How should I proceed here and for retarded estimates? The textbook provided a hint to use the homogeneous local smoothing estimate $$\int_{\mathbf{R}}\int_{\mathbf{R}^3}\langle x\rangle^{-1-\epsilon}|\nabla u(t,x)|^2+\langle x\rangle^{-3-\epsilon}|u(t,x)|^2dxdt\lesssim_{\epsilon}\Vert u(0,x)\Vert_{\dot{H}_x^{1/2}(\mathbf{R}^3)}^2,$$ but I have no idea how to do so.
Thanks in advance!
I believe the inhomogeneous estimate should read $\newcommand{\bbR}{\mathbb{R}} \newcommand{\jBra}[1]{\langle #1 \rangle}$ $$\sup_{t\in\mathbf{R}}\Vert u(t)\Vert^2_{\dot{H}_x^{1/2}(\mathbf{R}^3)}\lesssim_{\epsilon}\Vert u(0)\Vert^2_{\dot{H}_x^{1/2}(\mathbf{R}^3)}+\int_{\mathbf{R}}\int_{\mathbf{R}^3}\langle x\rangle ^{1+\epsilon}|F(t,x)|^2dxdt$$ since otherwise scaling arguments (replacing $F$ by $\lambda F$ and $u$ by $\lambda u$) suggest it cannot possibly hold.

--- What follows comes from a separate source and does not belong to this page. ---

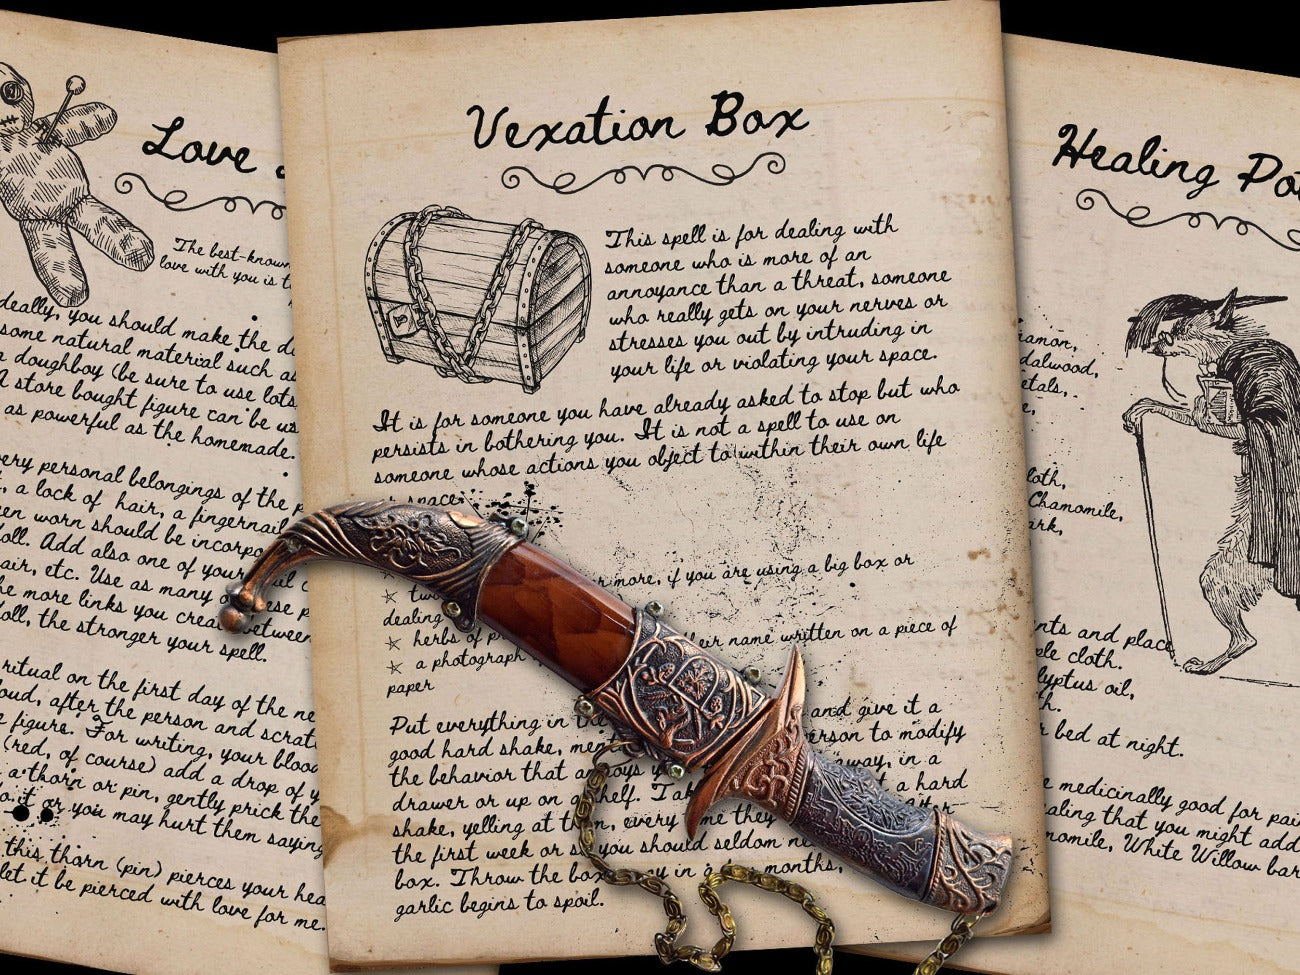 Love Doll, Vexation Box, and Healing potion pages are displayed with a sheathed ritual knife.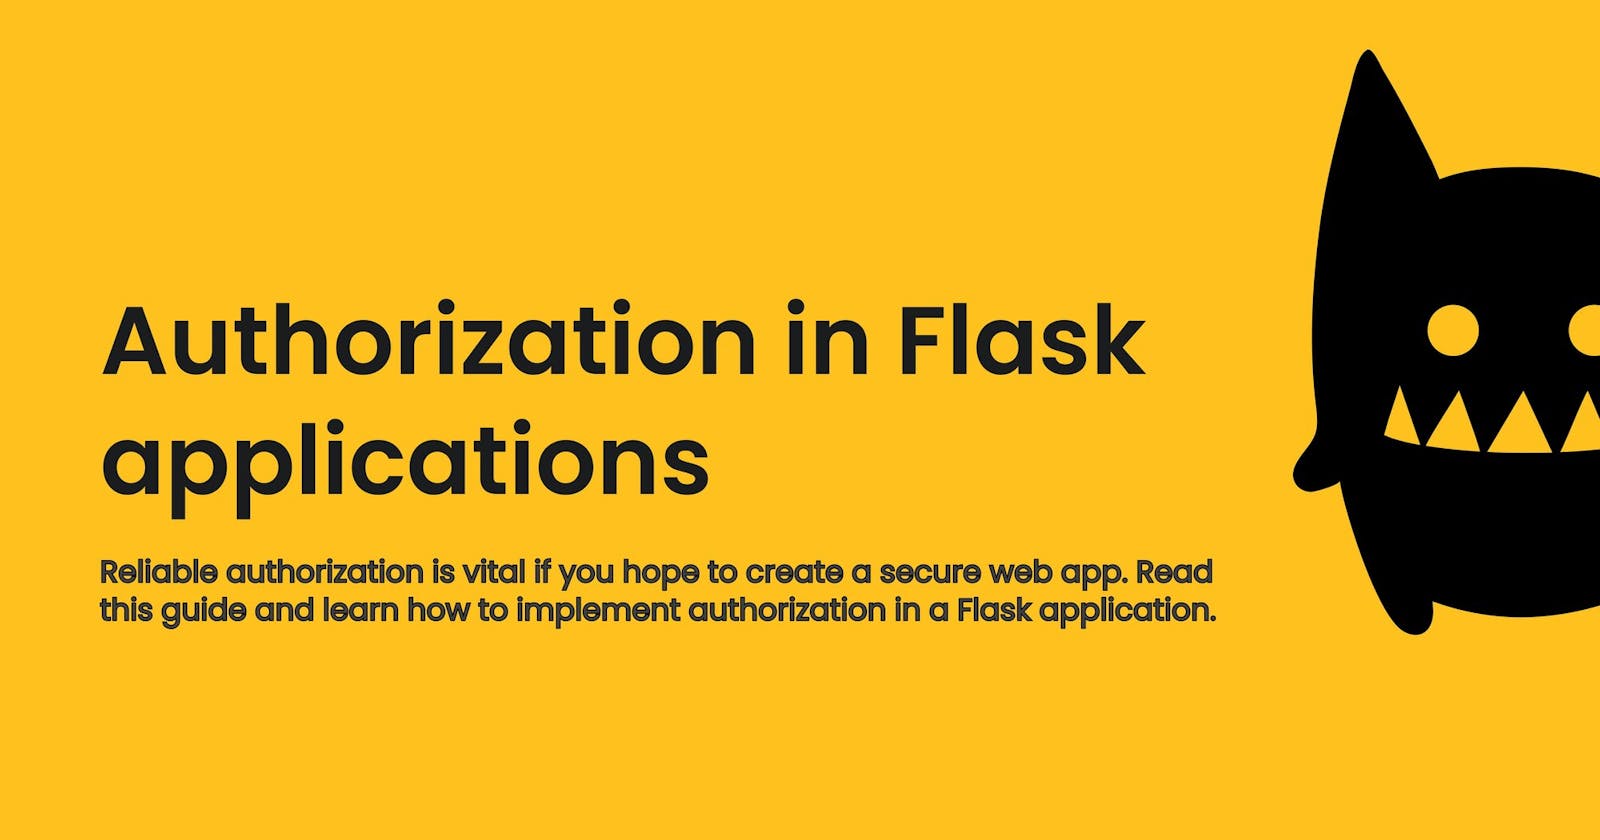 How to add authorization to a Flask application

By applying Duhamel's formula and the triangle inequality, it suffices obtain the bound $$\left\Vert\int_0^te^{i(t-s)\Delta/2}F(s,x)\;ds\right\Vert_{\dot{H}_x^{1/2}(\mathbf{R}^3)}^2 \lesssim_\epsilon \int_\bbR\int_{\bbR^3} \jBra{x}^{1+\epsilon} |F(s,x)|^2 \;dxdt = \lVert \jBra{x}^{\frac{1}{2}(1+\epsilon)} F\rVert_{L^2_{x,t}}^2$$
Now, by duality and the fact that $e^{it\Delta}$ is an isometry on $\dot H^{1/2}$:
$$\begin{align*}\left\Vert\int_0^te^{i(t-s)\Delta/2}F(s,x)\;ds\right\Vert_{\dot{H}_x^{1/2}(\mathbf{R}^3)} &= \sup_{\lVert v \rVert_{\dot H^{1/2}} = 1} \int_0^t\langle e^{i(t-s)\Delta/2}F(s,x), e^{it\Delta/2} v \rangle_{\dot H^{1/2}}\;ds \\&=\sup_{\lVert v \rVert_{\dot H^{1/2}} = 1}\int_0^t\langle F(s,x), v(s,x) \rangle_{\dot H^{1/2}}\;ds\\ &\leq\sup_{\lVert v \rVert_{\dot H^{1/2}} = 1}\int_\bbR \langle \jBra{x}^{\frac{1}{2}(1+\epsilon}F, \jBra{x}^{\frac{-1}{2}(1+\epsilon} v(s,x) \rangle_{\dot H^{1/2}}\;ds\end{align*}$$
where $v(s,x) = e^{is\Delta/2}v(x)$ is the solution to the homogeneous Schrodinger equation with initial data $v$. Now, the $\dot H^{1/2}$ pairing can be written as $$\langle u, v \rangle_{\dot H^{1/2}} = \int_{\bbR^3} |\xi| \hat u(\xi \hat v(\xi)\;dx \leq \lVert \hat u \rVert_{L^2_\xi}\lVert |\xi|\hat v \rVert_{L^2_\xi} = \lVert u \rVert_{L^2_x} \lVert \nabla v \rVert_{L^2}$$ so, by Cauchy-Schwartz, we find that $$\begin{align*} \left\Vert\int_0^te^{i(t-s)\Delta/2}F(s,x)\;ds\right\Vert_{\dot{H}_x^{1/2}(\mathbf{R}^3)} &\leq \sup_{\lVert v \rVert_{\dot H^{1/2}} = 1}\int_\bbR \lVert \jBra{x}^{\frac{1}{2}(1+\epsilon)}F(s,x)\rVert_{L^2_x} \lVert \nabla\left(\jBra{x}^{\frac{-1}{2}(1+\epsilon)} v(s,x)\right)\rVert_{L^2_x} \;ds \\&\leq \sup_{\lVert v \rVert_{\dot H^{1/2}} = 1}\left(\int_\bbR \int_{\bbR^3} \jBra{x}^{1+\epsilon} |F|^2\;dxds \int_\bbR \int_{\bbR^3} \jBra{x}^{-1-\epsilon}|\nabla v|^2 + \jBra{x}^{-3-\epsilon}|v|^2\;dxds \right)^{1/2} \end{align*}$$
But, the last term we can estimate using the homogeneous estimate to obtain
$$\left\Vert\int_0^te^{i(t-s)\Delta/2}F(s,x)\;ds\right\Vert_{\dot{H}_x^{1/2}(\mathbf{R}^3)} \lesssim \left(\int_\bbR \int_{\bbR^3} \jBra{x}^{1+\epsilon} F(s,x)\;dxds\right)^{1/2}$$ from which the inhomogeneous estimate follows. This method of argument (where we use the homogeneous estimate to prove the inhomogeneous estimate) is known as the $TT^*$ argument.